O destino de Cláudia Aguiar Rodrigues, 46, foi diferente. A representante comercial foi morta a facadas pelo ex-marido, no dia 7 de maio deste ano, em Timbaúba. Cláudia foi casada por quase 29 anos com João Climaco Rodrigues, 51. Ele, que não aceitava o pedido de divórcio, a ameaçava com frequência. Para fugir das agressões, ela chegou a se mudar para Carpina, mas continuava visitando sua cidade natal. João procurou a ex-mulher na casa da irmã, na madrugada de segunda-feira, quando ela voltava de uma festa. Depois de uma discussão, ele a assassinou.
Dois dias antes do crime, na tarde do sábado, depois de ser outra vez ameaçada por João na sexta-feira à noite, Cláudia havia procurado a Delegacia de Timbaúba para solicitar uma medida protetiva. A porta do prédio, segundo familiares da vítima, estava fechada. Acompanhada da sua irmã, deixou o local sem conseguir ser ouvida por ninguém. A cena de mulheres que não encontram acolhimento nas delegacias do interior do Estado, quando buscam proteção para episódios de violência doméstica, é frequente nos fins de semana. Justamente quando elas mais morrem.
PROBLEMA ANTIGO
Levantamento feito pelo projeto #UmaPorUma (umaporuma.com.br) aponta que, a noite da sexta-feira até a madrugada da segunda, é o período com maior número de feminicídios em Pernambuco. De janeiro a maio deste ano, 27 mulheres foram vítimas desse tipo de crime; 17 delas morreram em feriados ou fins de semana (incluindo a madrugada da segunda-feira, que termina virando um prolongamento do domingo). Destas, 9 foram assassinadas na Região Metropolitana do Recife (RMR) e 18, no interior. É exatamente nos municípios afastados da capital onde a rede de assistência é mais precária para garantir a segurança desse público, geralmente mais vulnerável.

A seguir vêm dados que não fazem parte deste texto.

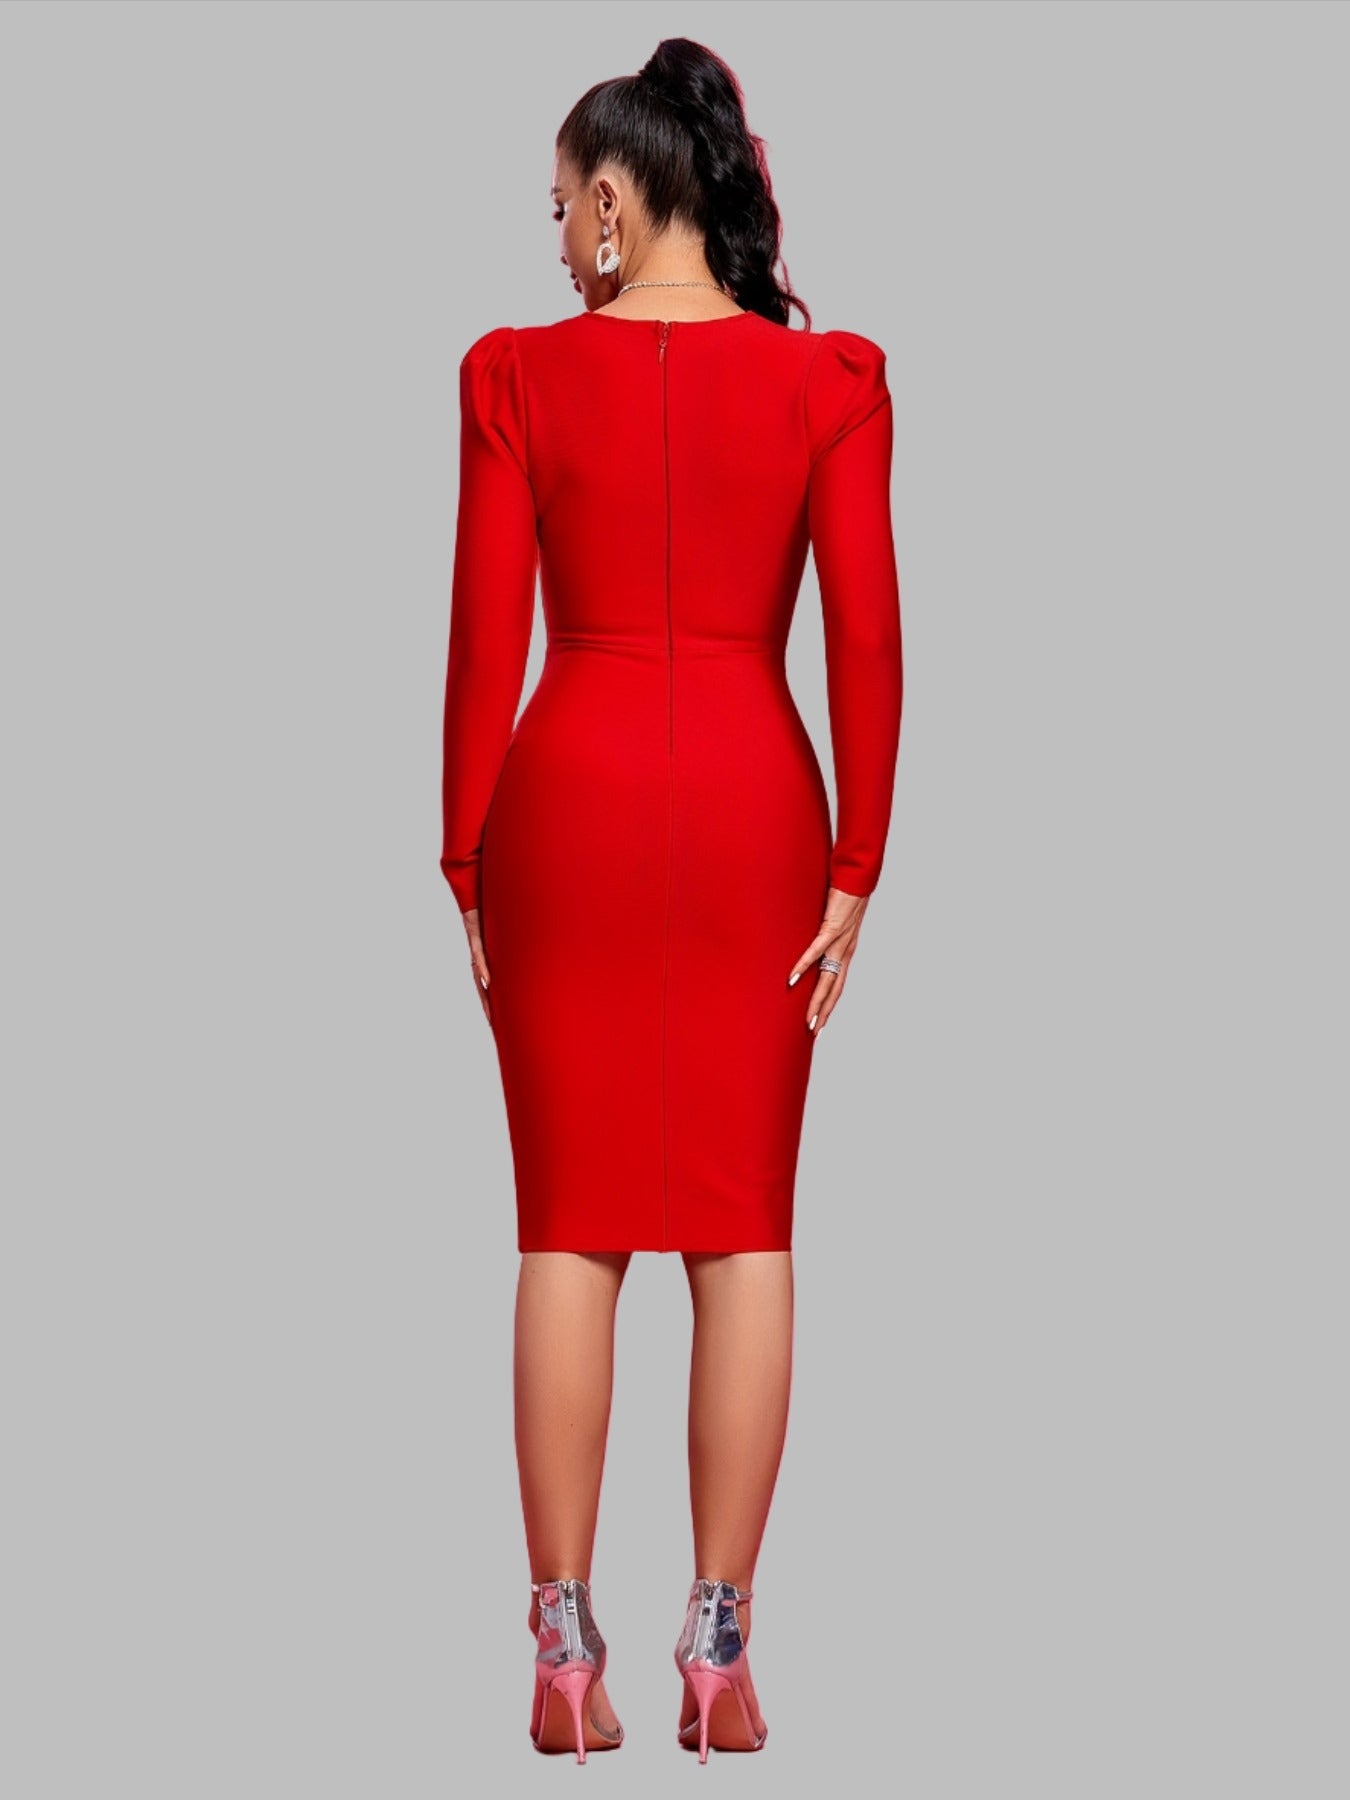 LLstyle Cut Out V Neck Bodycon Dress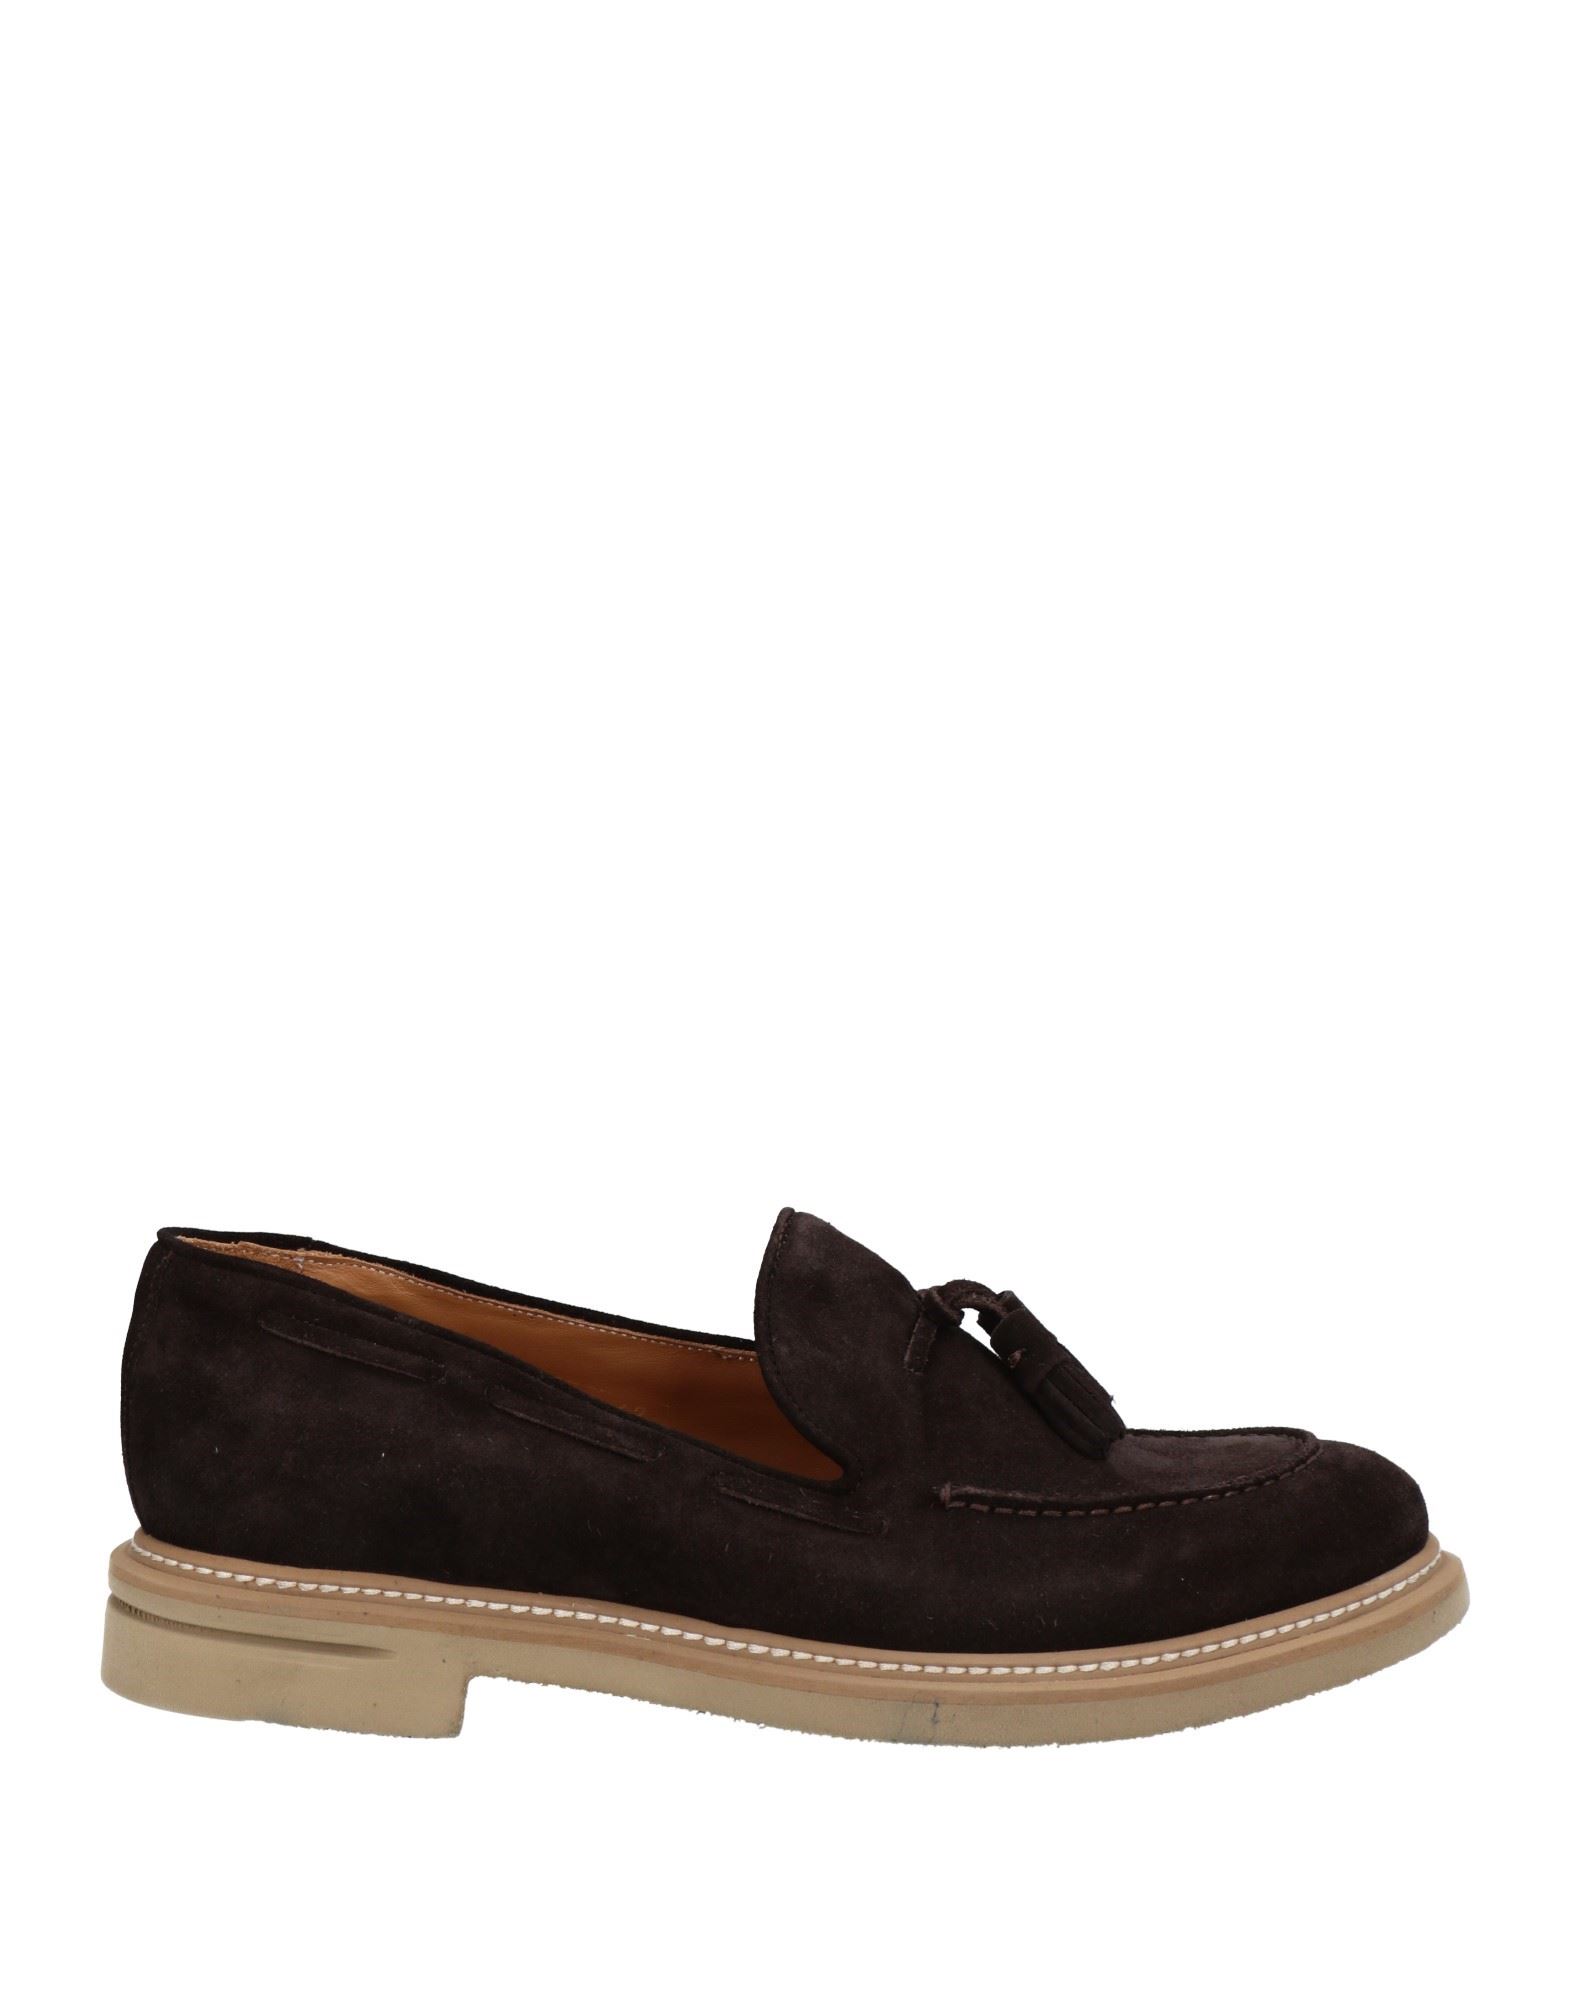 BRECOS Loafers

O problema não é recente. Em dezembro de 2017, o Conselho Nacional do Ministério Público divulgou um relatório apontando que apenas 37% das delegacias do Estado funcionavam 24 horas por dia. O levantamento foi realizado presencialmente ao longo do ano de 2016. Para solucionar a questão, em fevereiro deste ano, o governo anunciou a contratação de 140 novos delegados, dos quais 103 tomaram posse no interior. O objetivo da medida era colocar um titular em cada unidade da Polícia Civil, para que nenhum profissional acumulasse os trabalhos de dois ou três municípios.
A situação, entretanto, é mais complexa do que parece. Mesmo quando a delegacia tem o seu titular, o mesmo delegado não pode trabalhar ininterruptamente todo o final de semana. “Da noite da sexta-feira até a madrugada da segunda, a maior parte das delegacias do interior funciona com apenas um agente, que registra exclusivamente os boletins de ocorrência. Não há equipe para sair do local e dar uma voz de prisão ou periciar uma cena de homicídio, por exemplo. Se houver uma morte numa destas cidades, o crime será investigado pela delegacia de plantão de uma cidade vizinha”, explica um delegado do interior que não quis se identificar.
Foi o que aconteceu quando Jéssica tentou prestar queixa de violência doméstica contra Robson. A equipe de Bonito estava fora do município. Para se ter uma ideia, a delegacia de Limoeiro, no Agreste, é responsável também pelo plantão de Feira Nova, Passira, Salgadinho, Cumaru e Machados. “É bom lembrar que delegacias guardam armas, drogas apreendidas e veículos. É preciso que esse material fique em segurança. É por isso que, muitas vezes, os prédios ficam fechados e só são abertos quando alguém procura o local para registrar o boletim”, ressalta o delegado.